In the section called "Ongoing Experimentation" they describe experimental installations they are using to iterate on and refine their system. They are going to evaluate the systems scaling performance and how well it can predict missing entries from the ratings matrix. They use participants in these installations to collect data in order to evaluate rating prediction. They suggest that future BBBs might improve upon their current design by performing a 'combination of content filtering and collaborative filtering.'

They imagine how GroupLens could change how people consume news on the net. They suggest that GroupLens could be a sort of distributed moderation that improves the quality of articles on newsgroups and reduce the need for moderators. They may also reduce the need for "splits" that break news down into smaller categories. GroupLens might also reduce the need for blacklists. This is interesting because while collaborative filtering systems have been adopted, they often eschew the personalization component (reddit collaborative filtering produces an overall popularity rank that is not personalized.) Their influential vision remains only partly realized.

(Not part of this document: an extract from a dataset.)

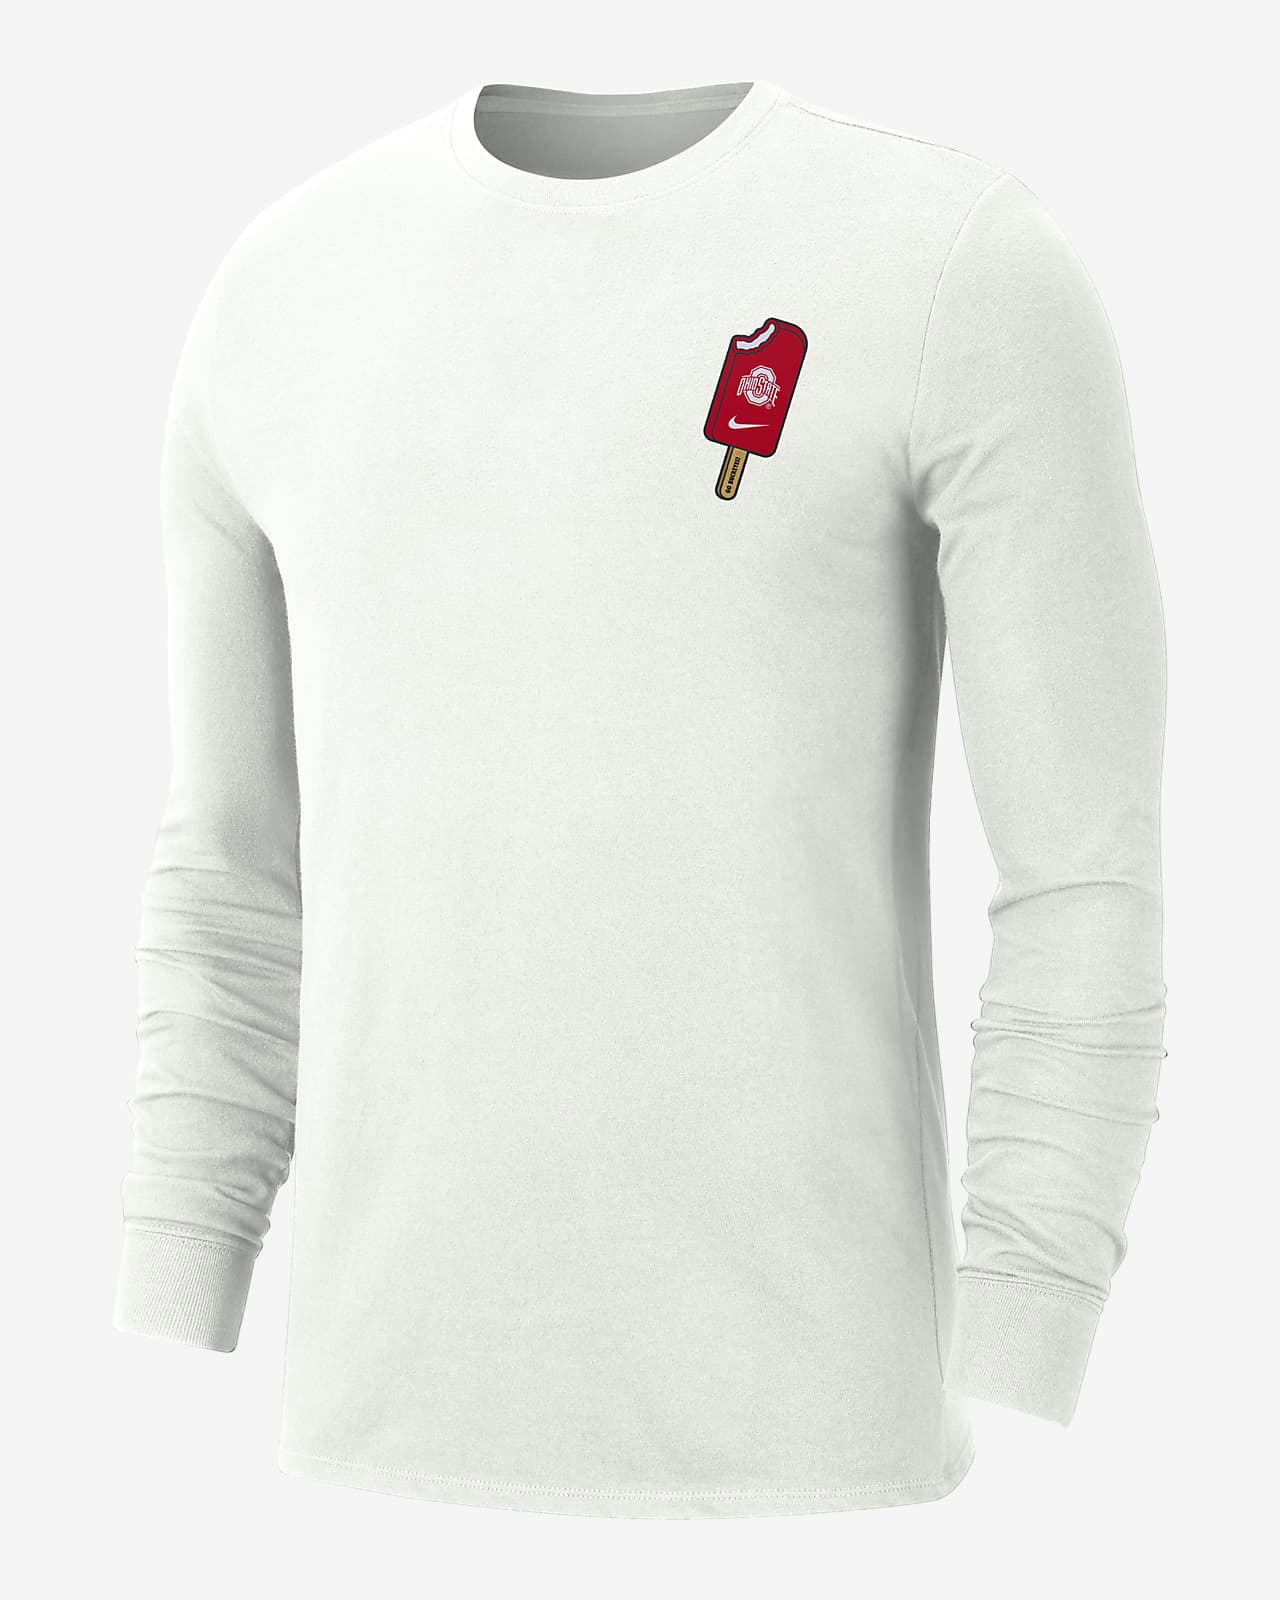 Ohio State Men's Nike College Long-Sleeve T-Shirt

Next they consider why individuals would participate in contributing to group lens. They suggest that users may feel altruism or guilt in order to "do their share" of rating, but the suppose that ratings will be under-provisioned. This is what happened in one of their pilot tests where the volume of posts was too high. They consider providing external incentives.

This is a bit puzzling since it seems like if users understand the system then they will want to rate articles in order to keep the algorithm trained.

In conclusion they summarize their architecture and approach, with emphasis on the open architecture that allows others to create new clients and BBBs.

Theoretical and Practical Relevance

This seminal work on collaborative filtering presents Grouplens, a system for crowdsourcing ratings of news articles. The hugely influential system laid the foundation for recommendation engines based on correlating user behaviors. The work anticipates the rise of the systems that aggregate small contributions like rating an article into information about quality, decisions about what content to recommend, and how such systems may structure the ways that humans interact in computer mediated sites.